### Dataset extract
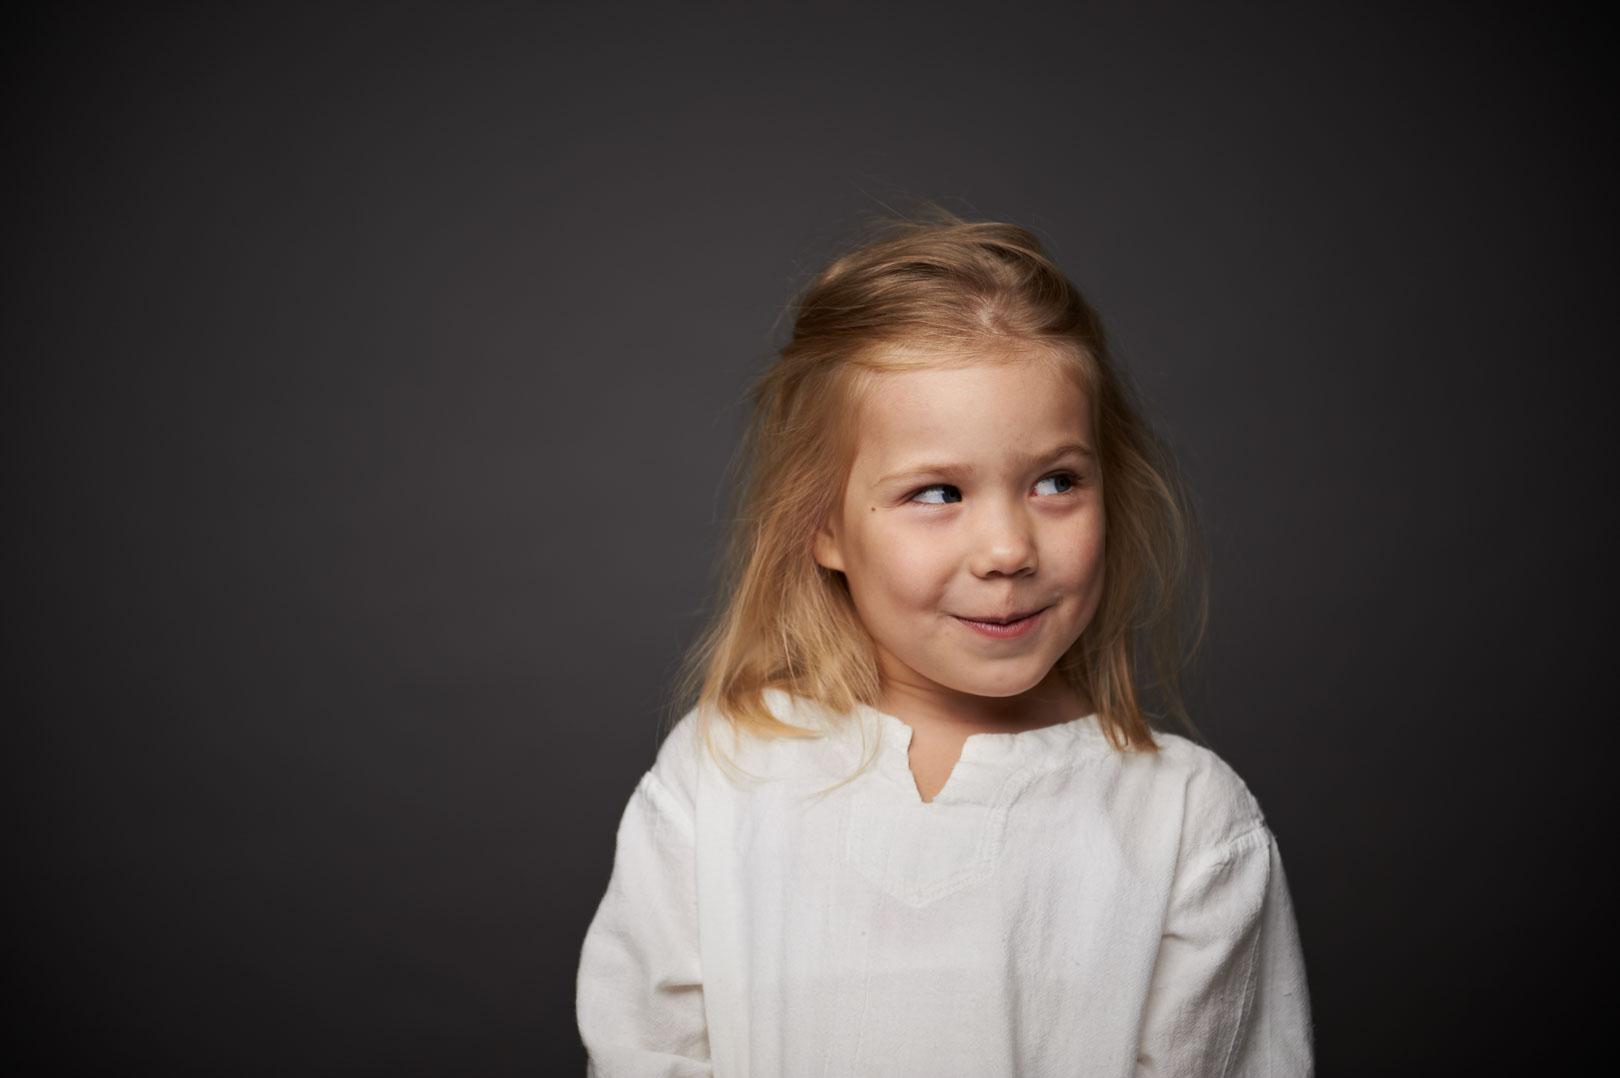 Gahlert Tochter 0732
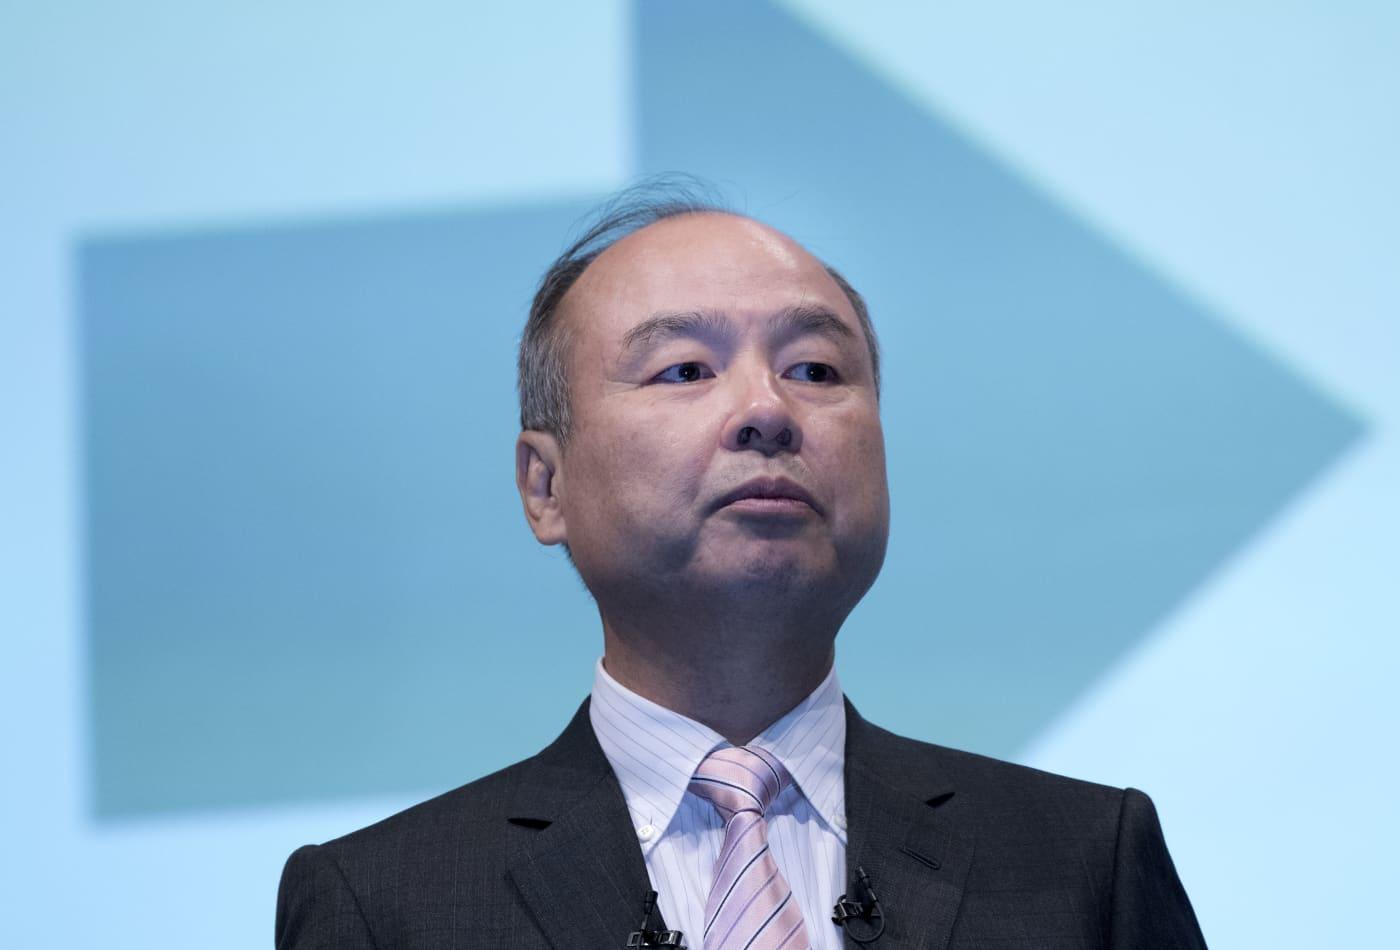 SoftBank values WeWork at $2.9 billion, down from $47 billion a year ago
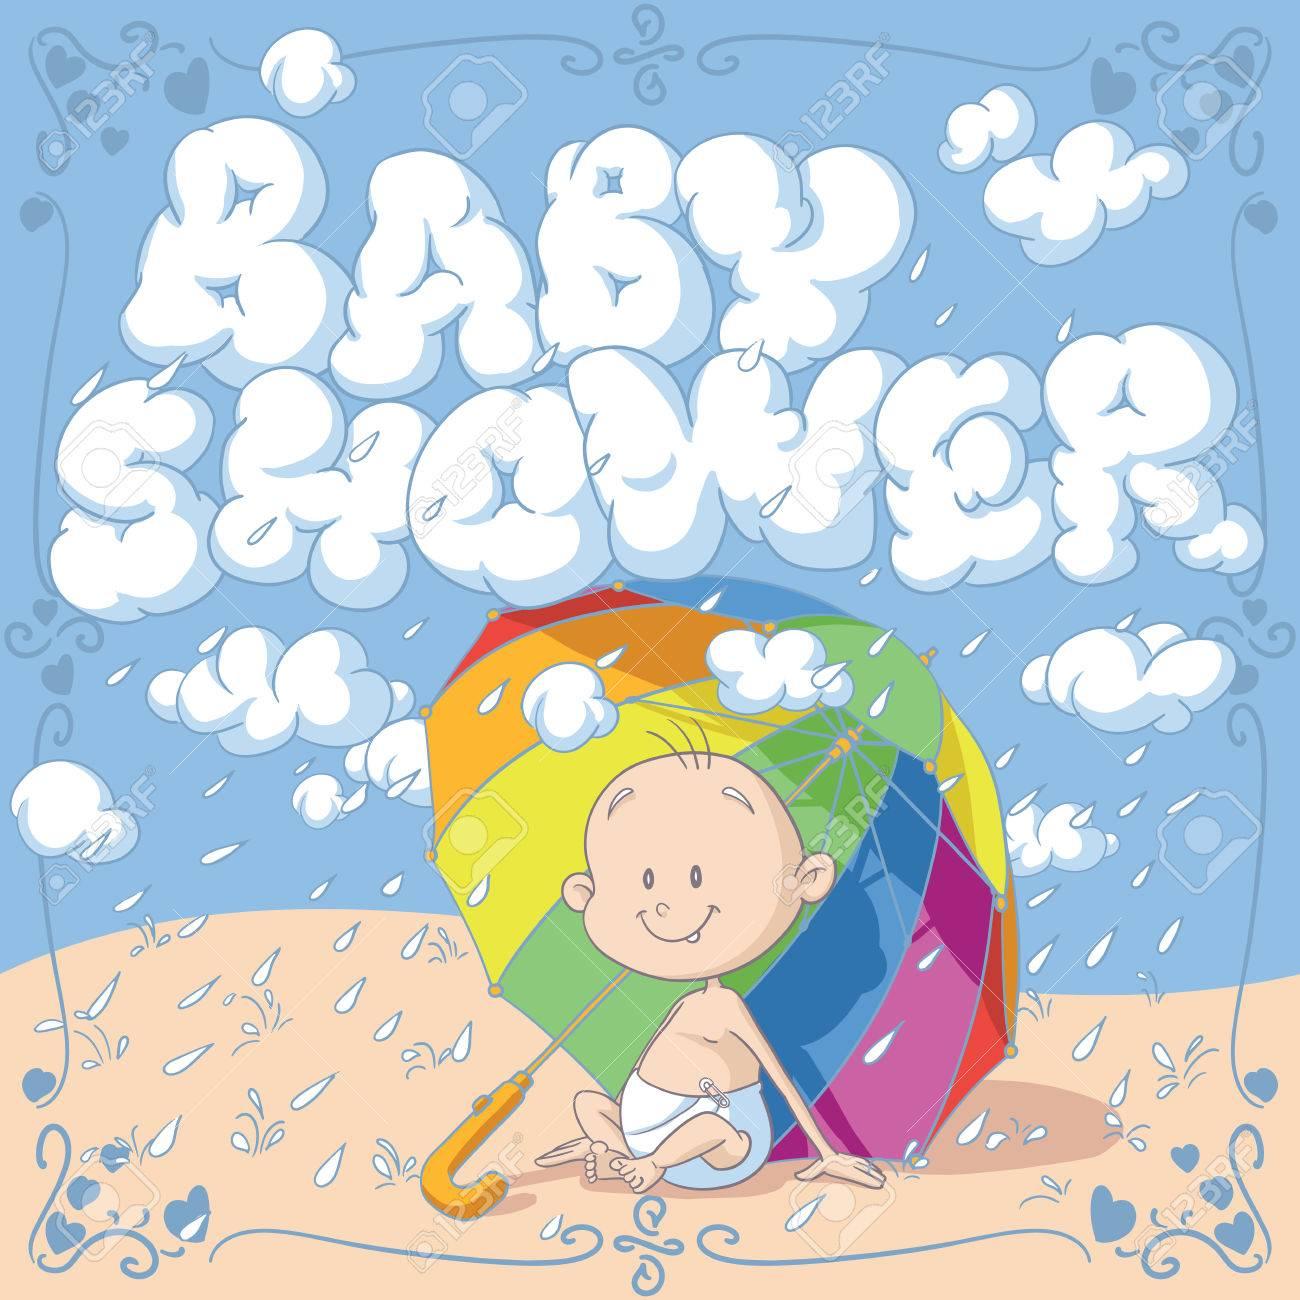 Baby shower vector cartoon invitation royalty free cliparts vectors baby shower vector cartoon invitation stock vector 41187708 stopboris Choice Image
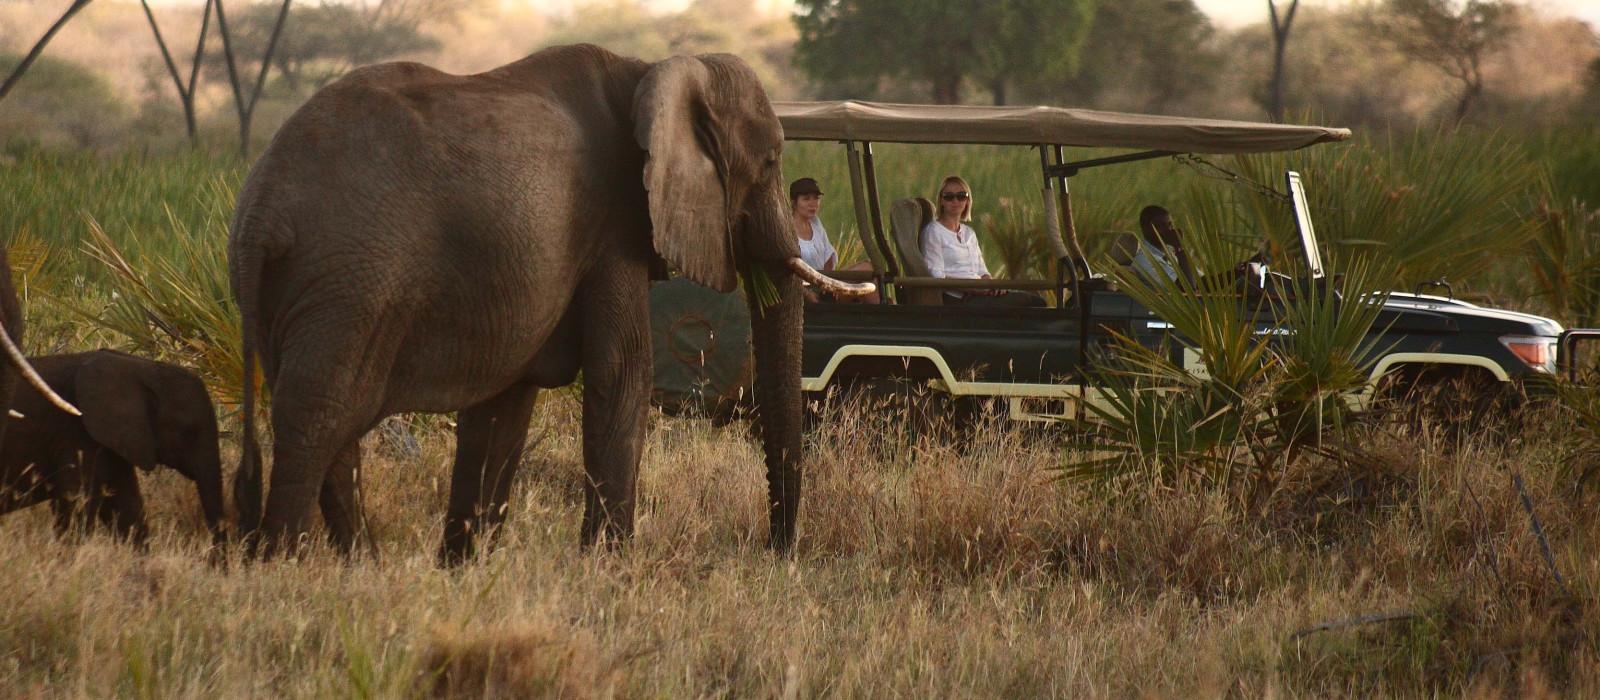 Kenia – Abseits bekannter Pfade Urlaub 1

### Work required
Your task is to repeat only the lines from the line containing "SoftBank values WeWork" through the final line of the material, inclusive; do not include pictures.

### Answer below
 SoftBank values WeWork at $2.9 billion, down from $47 billion a year ago
 Baby shower vector cartoon invitation royalty free cliparts vectors baby shower vector cartoon invitation stock vector 41187708 stopboris Choice Image
 Kenia – Abseits bekannter Pfade Urlaub 1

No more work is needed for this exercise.